Best under-$25 gifts

Marcy Handler, an advanced knitter and former Strategist staff writer Chloe Anello’s mother, recommends a row counter for a small gift. “You just want to get into the rhythm of knitting and don’t want to worry about counting rows and tallying them up on paper,” she says. “You don’t have to think with a row counter.” Every time you finish a row, you press the top down, and it counts the row for you. It only goes up to 99, but Handler says that’s more than enough, unless you’re making a blanket — which usually doesn’t require much row counting anyway, unlike a sweater.

For beginner knitters who might not have accrued all their basic crafting supplies yet, Strategist senior manager of audience development (and knitter) Mia Leimkuhler says that this little tape measure came in very handy when knitting her first sweater from the Wool and the Gang pattern recommended below. If you don’t dillydally, this one will still arrive on time for Christmas if you choose the fastest shipping option.

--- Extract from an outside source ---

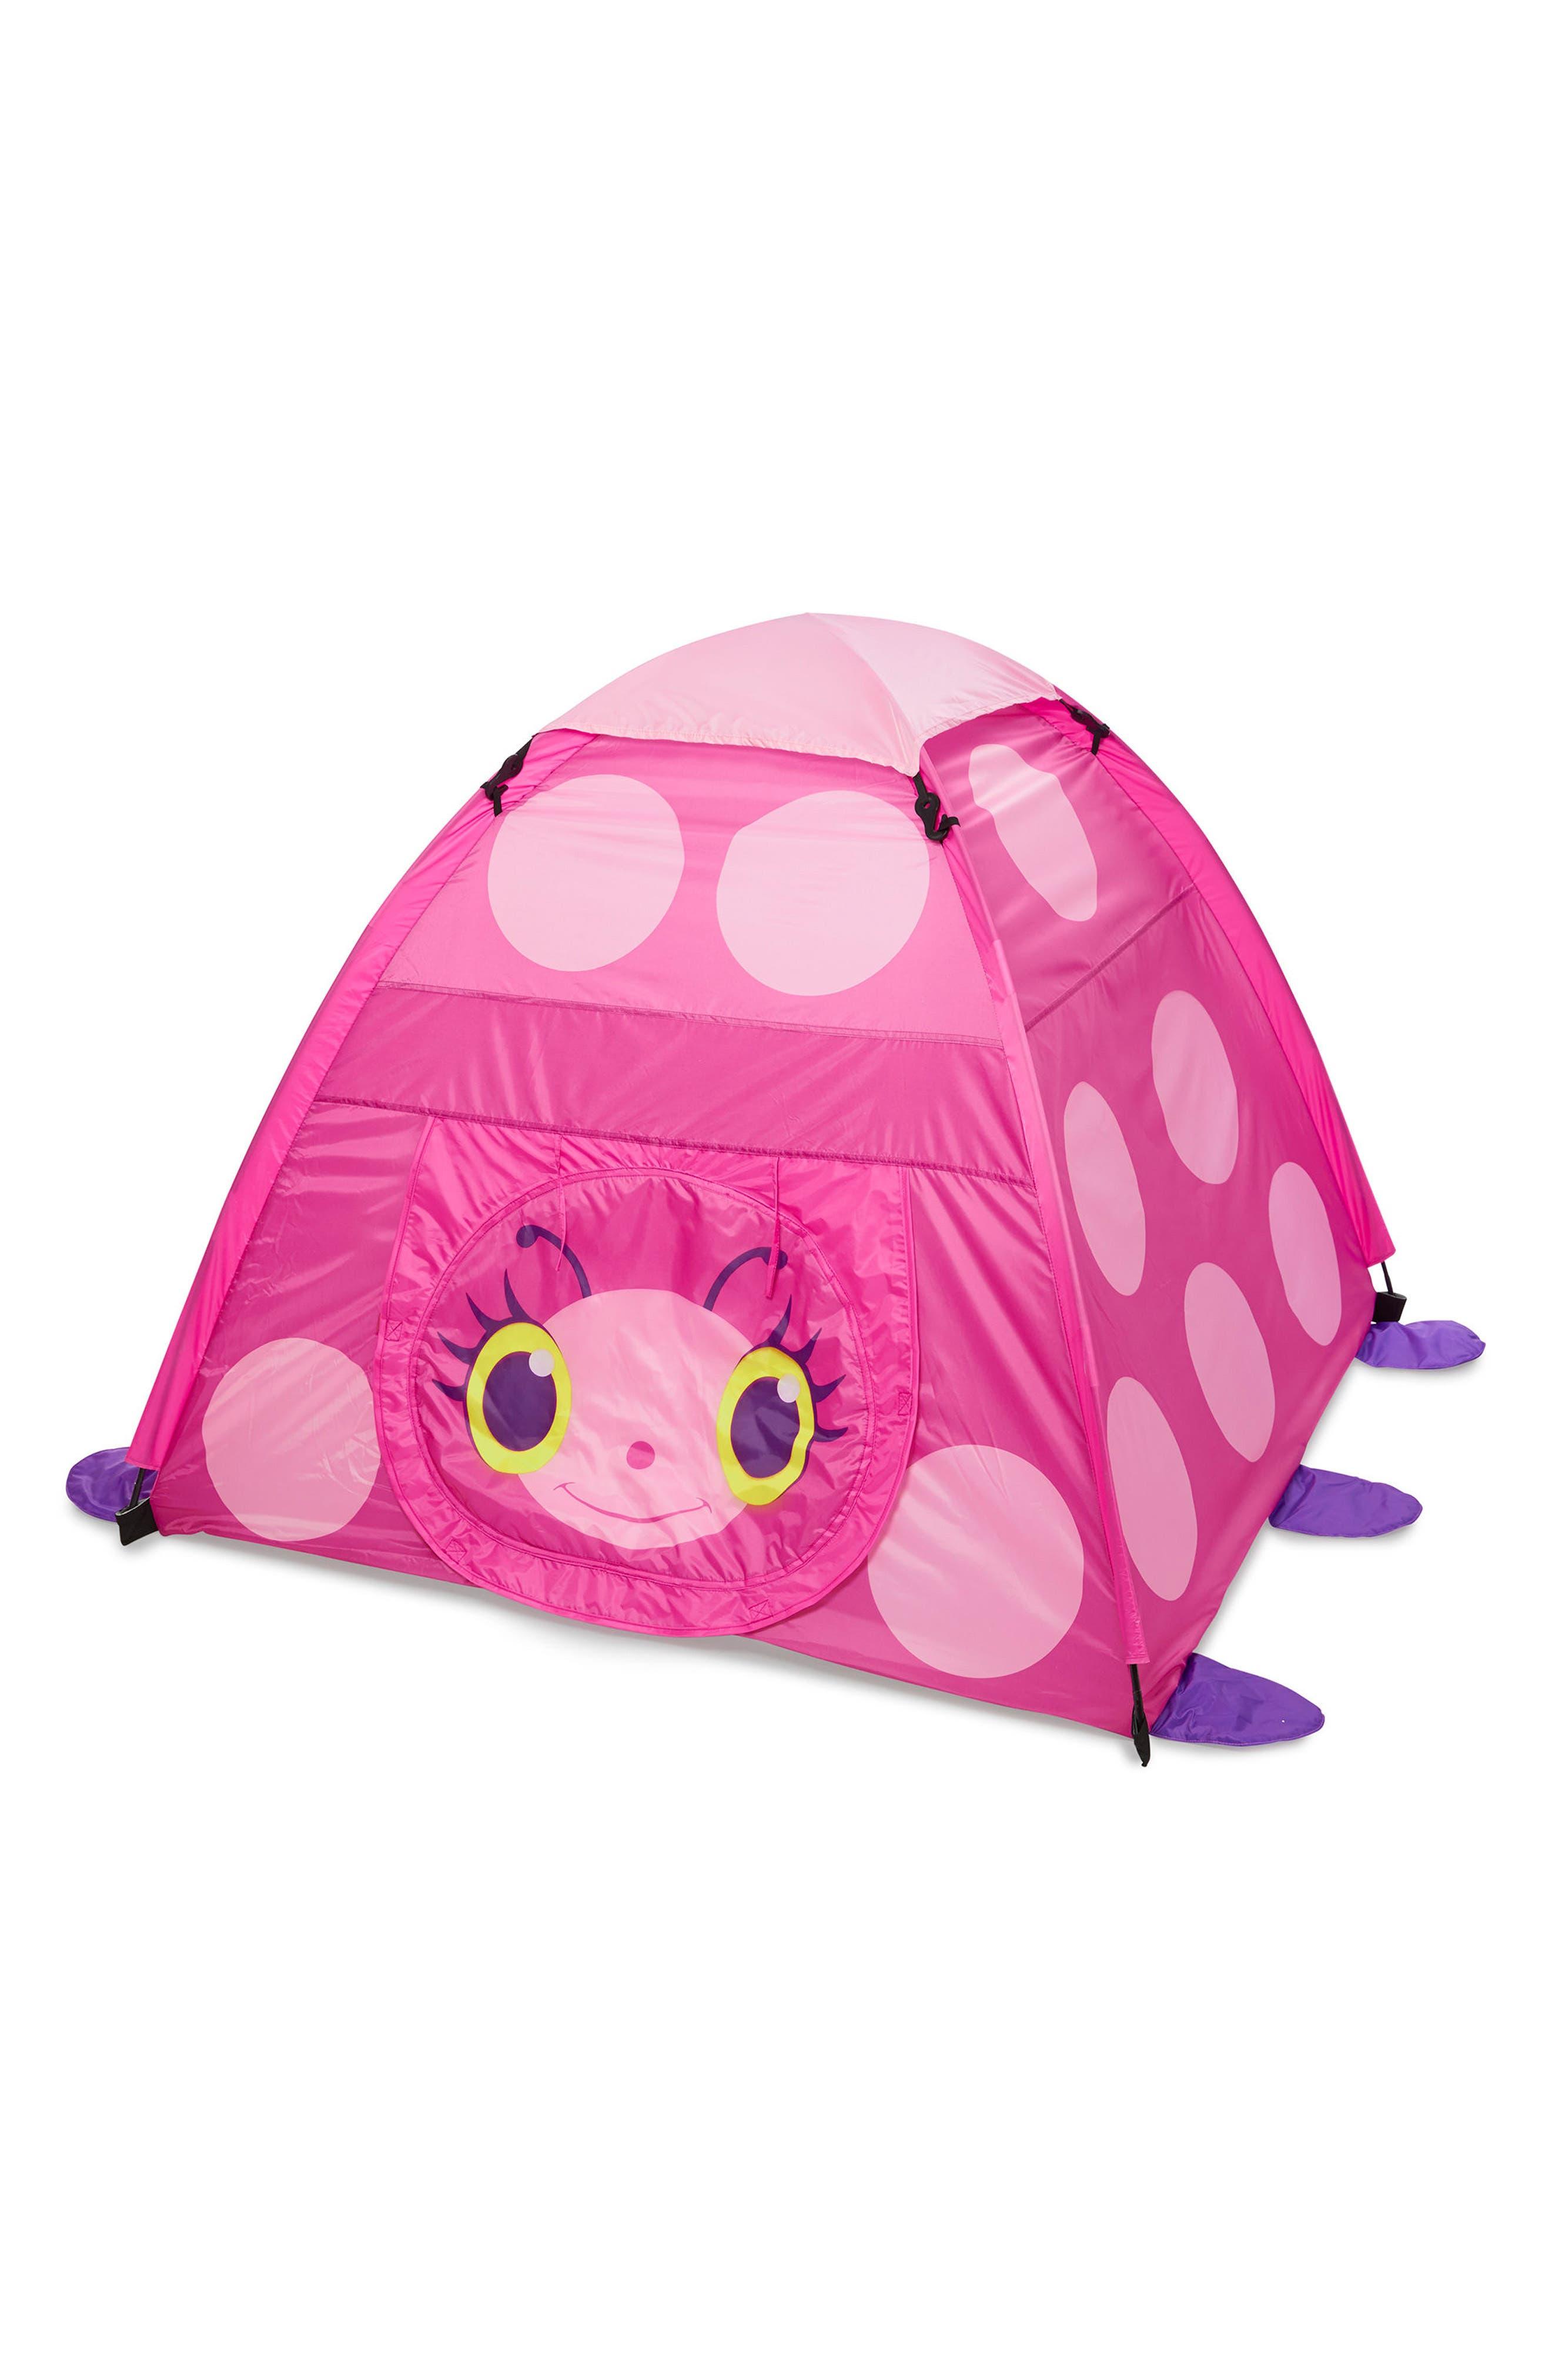 Trixie Ladybug Tent,                         Main,                         color, Pink Multi

Leimkuhler also likes these rather attractive metallic needles that will help your knitter handle any chunky, annoying-to-thread yarn. “The flexible wire eyes can expand and widen when you gently squeeze them,” she says. If you order quickly, these needles will still arrive on time for Christmas if you choose the fastest shipping option.

“Stitch markers are essential for every knitter,” says Laurel Taylor, owner and knitter behind Alabaster Purl. And Atiya Jones, an advanced knitter, agrees: “Whether you’re gifting a novice or seasoned knitter, they’ll need stitch markers.” Exactly as the name implies, these little rings mark the number of stitches you have within the row so you don’t have to count them, and Handler also finds them particularly useful when knitting cables.

Handler and Jones prefer something a bit more colorful, like these ones from Cocoknits, because they’re easier to keep track of and they look nice. “This set from Cocoknits features five styles for varying needle sizes and projects,” says Jones. And because they’re “easy to lose,” according to Jones, these come with little cases for you to plop them in when you’re done using them.

Handler also likes this skein from Simply Socks Yarn because the yarn itself is dyed to make a pattern — mostly just stripes — when knit up, so it’s a “fun surprise” when you see the final design. And it makes the socks look like they took more work than they actually did.

Since we recommended a lot of sock yarn, gifting a new set of needles would be a nice treat to accompany all that wool. Handler recommends Crystal Palace Bamboo needles because, when knitting socks, you don’t want the needle to be too pointed because when using four needles, they’re harder to manipulate and will get stuck. These slide well, aren’t too heavy, and feel nice to hold.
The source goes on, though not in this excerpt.